Even though I really disliked Elijah's Mermaid, mainly due to the utter ridiculousness of its plot, I was still amenable to trying The Somnambulist. It's Essie Fox's first novel and I've had the sample sitting on my Kindle since the book was first published; it's only because I came across it in the library that I've now read it.

 

It is not good. The best I can say is that it's not actively terrible apart from one particular aspect, of which more later. It certainly manages to avoid EM's error of having a demented plot in which the characters decide the best way to achieve their end goal is via the most illogical route available.
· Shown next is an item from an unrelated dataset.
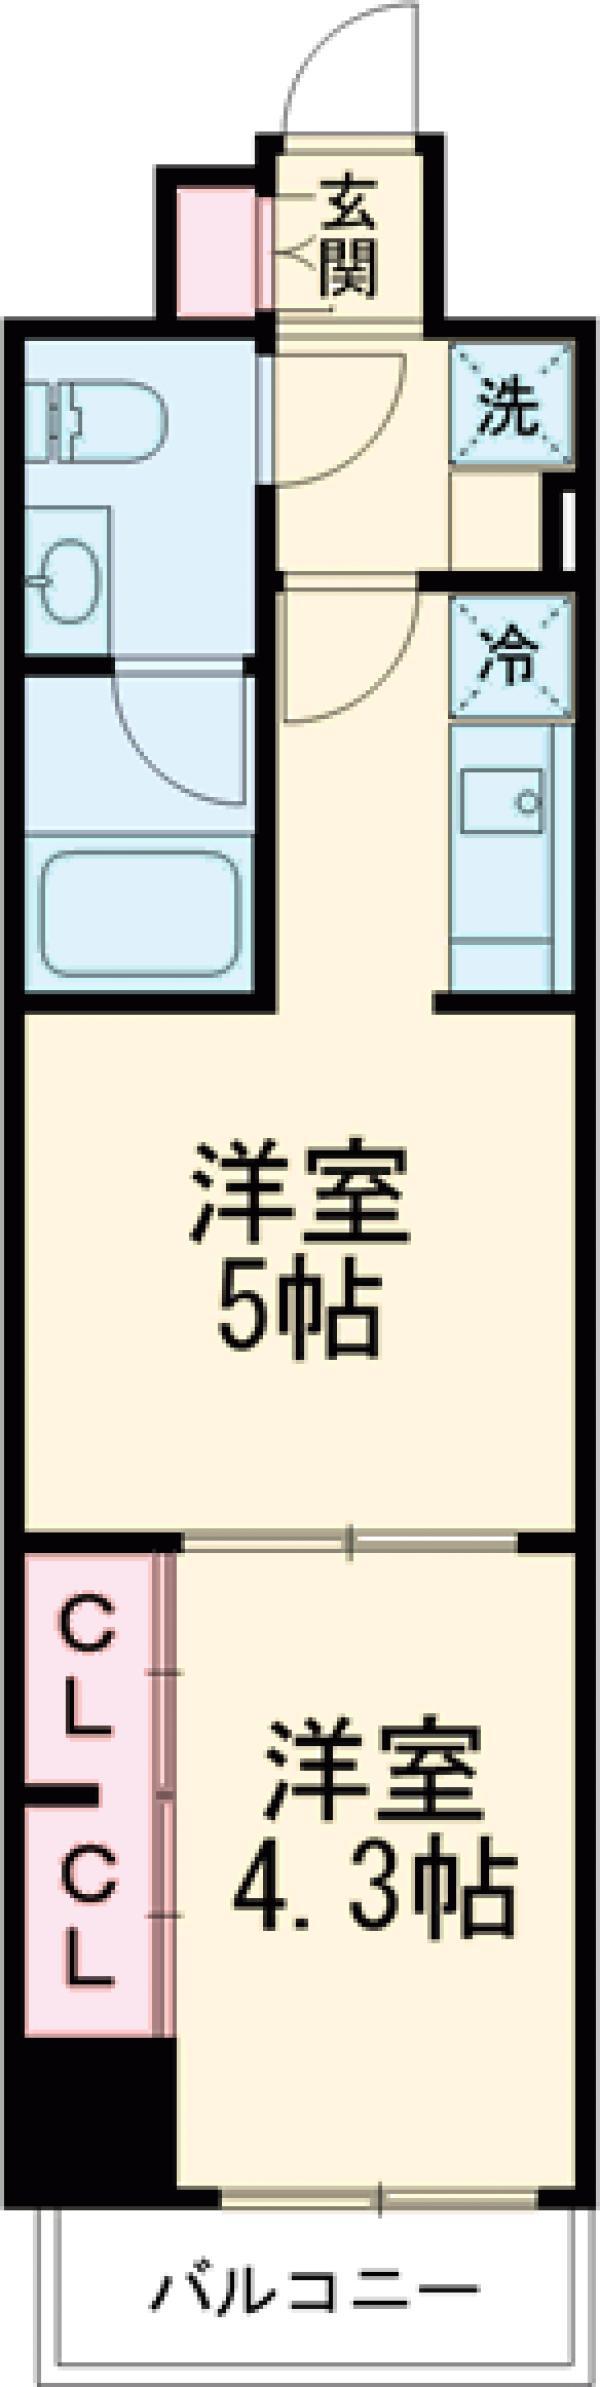 ラフィスタ調布多摩川 303号室の間取り

Instead, The Somnambulist is dull, predictable, and initially kind of derivative.

 

To begin we are in the land of Hetero Sarah Waters, in dark and grubby Victorian London where only loose women perform on a stage and the aftershow parties are stuffed to the hilt with cads and bounders eager to ply unsuspecting innocents with liquor before kissing their bloodstained hands. Only it's nowhere near as exciting as I make it sound.

 

Then we're in Jane Eyre, to the big country house, the kind with hair full of secrets. Our heroine, Phoebe, wanders around the house not doing much. The Lady of the house, to whom Phoebe is ostensibly a companion, is very close to her butler, Stephens. She has a dead daughter and secrets of her own. Phoebe moons about thinking about the family she has left behind. Occasionally she breaks the monotony with some light gazing upon her scarred finger, a result of the previous paragraph. 

 

Phoebe is uninteresting, repetitive and passive. The most she does is huff out in a strop from time to time. Her interactions with the male characters in particular are leaden, the "romance" having little emotional lead in and a resolution worthy of the schlokiest of Mills and Boon novels. 

  

Much of this book doesn't make any sense. Fox does her utmost to tie everything together with many repetitive "But WHY did you ..." "Ah! You didn't know that ..." scenes, but despite the never-ending reveals and guilty secrets, when you actually sit down and look at it with a cold and logical eye there are still questions unanswered, the biggest one surrounding Cissy and her motives. It's not quite as ridiculous as EM, but it's not any better put together.

 

So, my biggest issue with this book. It has a rape scene, which is fine because rape happens. However, it's almost as though it was consensual in an earlier draft and got changed at the last minute. The way the other character is regarded by Phoebe, and the way she talks about it - it's all about what "they" did as though she were an active participant. It annoyed me; more than that it offended me. If the scene had been consensual, it wouldn't have made much difference to the book - a few language changes in the immediate aftermath - and that really, really pisses me off. 

  

I want to like these books so much. I really do. Although I'm not one for melodrama, I am one for the Victorians, but for me Essie Fox is a "2nd generation" Pre-Raphaelite on a tin of biscuits, whereas I'm hoping for a British Symbolist in all their raw and emotional glory. 1 star.